It is a schematic block diagram which shows the absorption refrigerator of this invention. It is a fragmentary sectional view which shows the Example which deform | transformed the part enclosed with the broken line of the ellipse of FIG. It is a fragmentary sectional view which shows another Example which deform | transformed the part enclosed with the broken line of the ellipse of FIG.

  Hereinafter, specific embodiments of the present invention will be described with reference to the drawings. Note that, in each drawing, the portions denoted by the same reference numerals indicate the same or corresponding portions.

  FIG. 1 is a cycle system diagram showing an absorption refrigerator according to a first embodiment of the present invention.

  First, the overall configuration of this embodiment will be described with reference to FIG. The absorption refrigerator includes a heat exchanger element of a low pressure side cycle including an evaporator 1 (E), a low pressure absorber 9 (LA), a low pressure regenerator 17 (LG), and a low pressure side solution heat exchanger 16, and a high pressure absorption. And a high-pressure side cycle heat exchanger element including a high-pressure side regenerator 33 (HG), a condenser 41 (C), and a high-pressure side solution heat exchanger 31. In addition, the absorption refrigerator includes a refrigerant pump 6, solution pumps 14, 22, 29, 38, and the like.

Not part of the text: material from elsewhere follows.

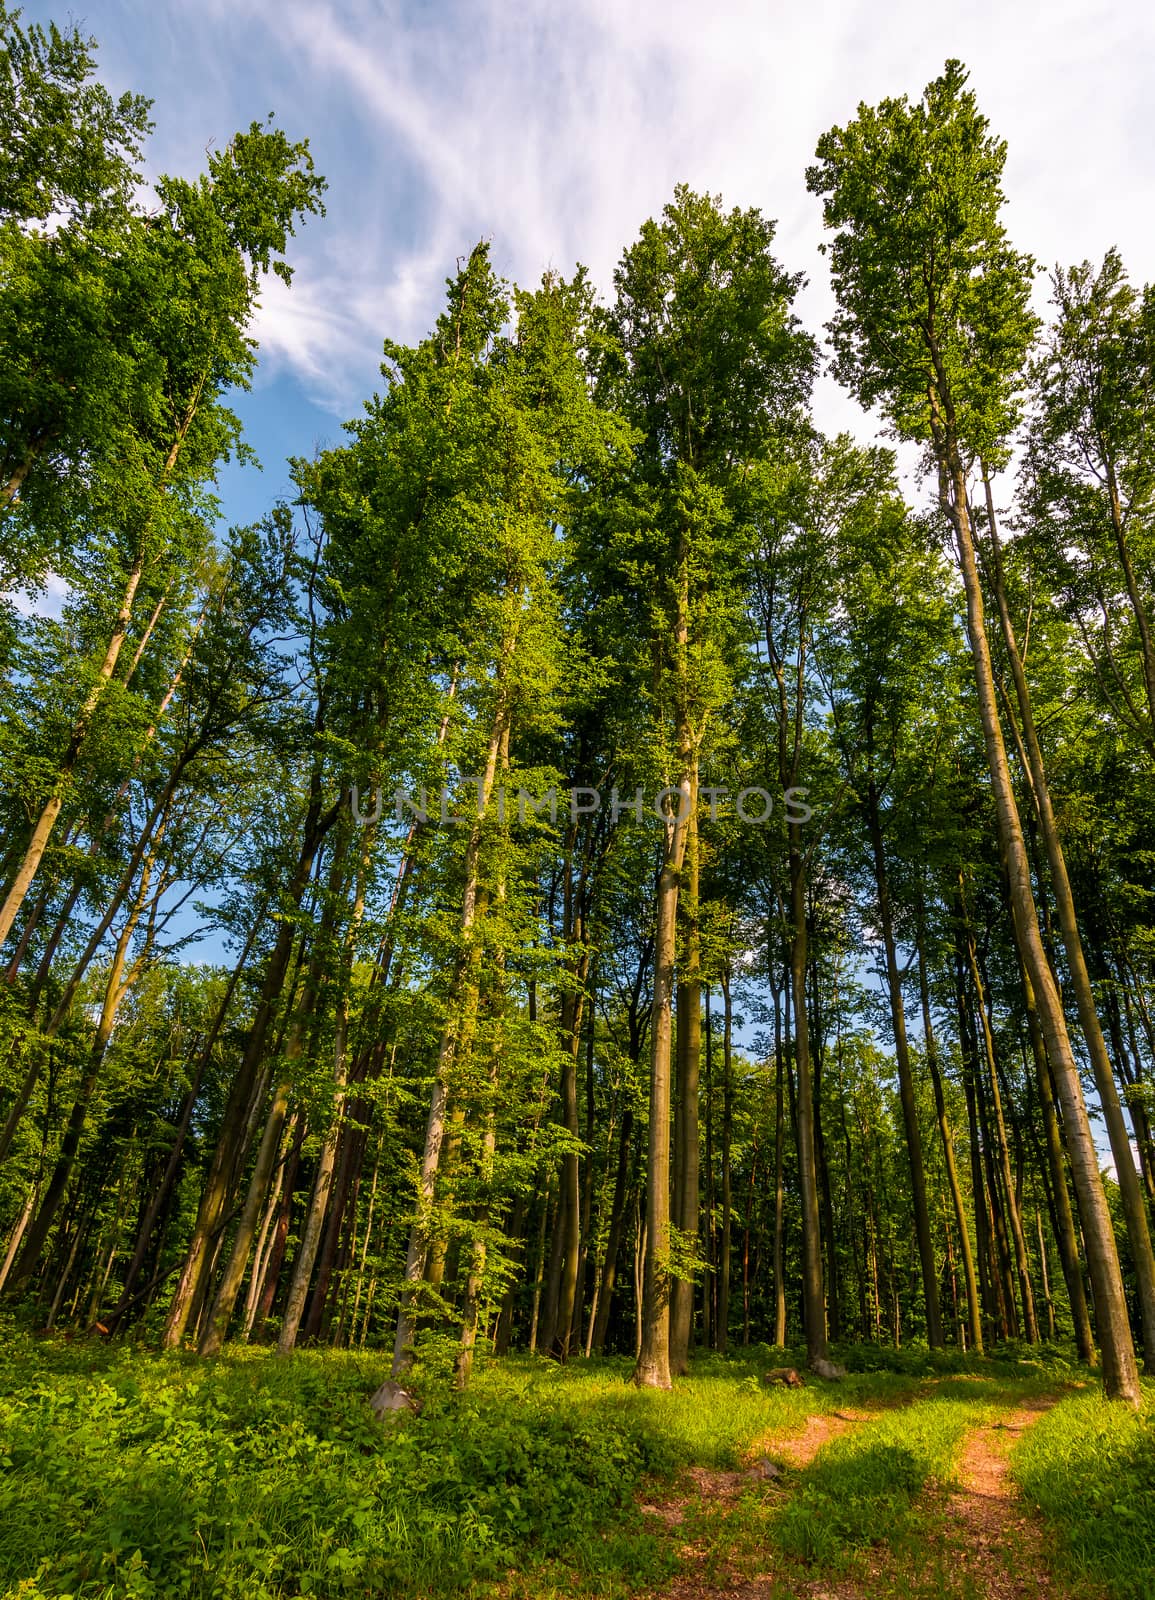 forest road among tall trees with green foliage by Pellinni

  In the evaporator 1, the refrigerant stored in the lower part of the evaporator 1 is guided to the distribution unit 2 through the refrigerant pipe 7 by the refrigerant pump 6 and is distributed outside the heat transfer tube of the heat exchanger 3. The dispersed refrigerant is heated by the cold water flowing in the heat transfer tube of the heat exchanger 3, and a part of the refrigerant becomes refrigerant vapor and is led to the low pressure absorber 9 through the eliminator 8. At this time, the cold water flowing through the heat transfer tubes of the heat exchanger 3 is cooled using the latent heat of evaporation when the refrigerant evaporates. Cold water pipes 4 and 5 are connected to the heat exchanger 3, and cold water for supplying cold heat to the load side is passed through.

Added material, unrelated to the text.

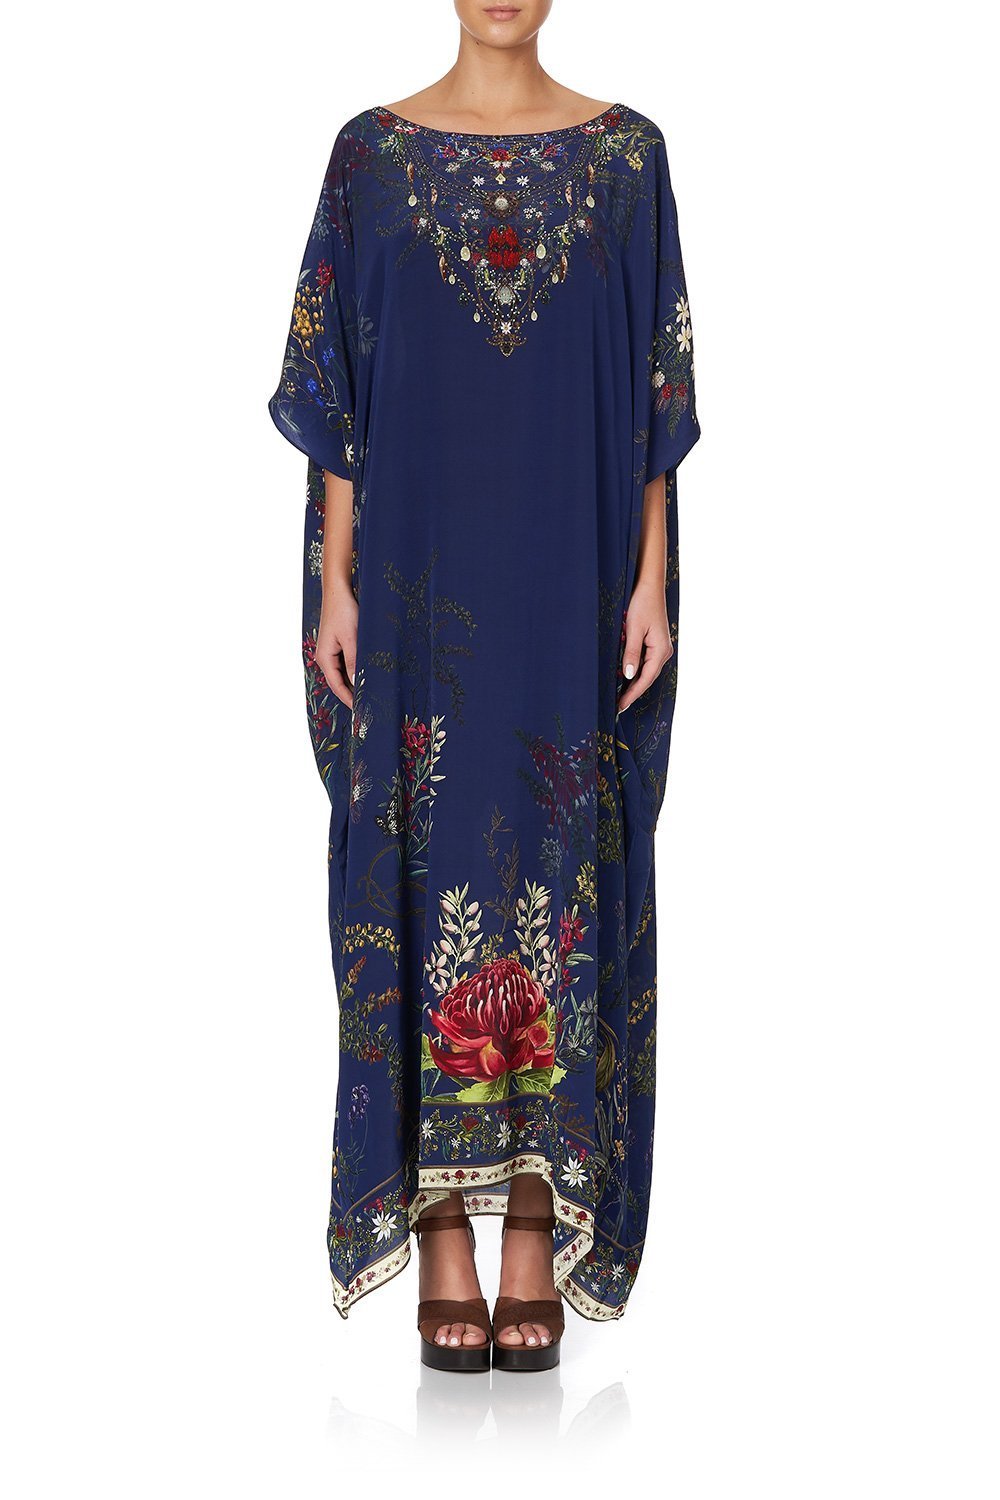 ROUND NECK KAFTAN WINGS IN ARMS

  In the low pressure absorber 9, the solution concentrated in the low pressure regenerator 17 is sprayed from the spray unit 10 to the outside of the heat transfer tube of the heat exchanger 11. The sprayed solution absorbs the refrigerant vapor from the evaporator 1 and becomes thin in concentration. Thereafter, the solution is guided to the low-pressure regenerator 17 through the low-pressure side solution heat exchanger 16 by the solution pump 14 installed in the middle of the solution pipe 15. Cooling water is passed through the heat transfer tubes of the heat exchanger 11 in order to remove the absorbed heat generated when the solution absorbs the refrigerant vapor. Cooling water pipes 12 and 13 are connected to the heat exchanger 11.

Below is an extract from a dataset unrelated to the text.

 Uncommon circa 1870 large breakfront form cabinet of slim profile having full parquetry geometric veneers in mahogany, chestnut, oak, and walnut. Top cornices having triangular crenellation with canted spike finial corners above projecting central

  In the low-pressure regenerator 17, the solution having a low concentration in the low-pressure absorber 9 is sprayed from the spray unit 18 to the outside of the heat transfer tube of the heat exchanger 19. The sprayed solution is heated by a heat source medium flowing in the heat transfer tube of the heat exchanger 19 and separated into a concentrated solution and refrigerant vapor. The concentrated solution is guided to the low pressure absorber 9 through the low pressure side solution heat exchanger 16 by the solution pump 22 installed in the middle of the solution pipe 23. The refrigerant vapor separated from the concentrated solution is guided to the high-pressure absorber 24 via the eliminator 32. Heat source medium pipes 20 and 21 are connected to the heat exchanger 19.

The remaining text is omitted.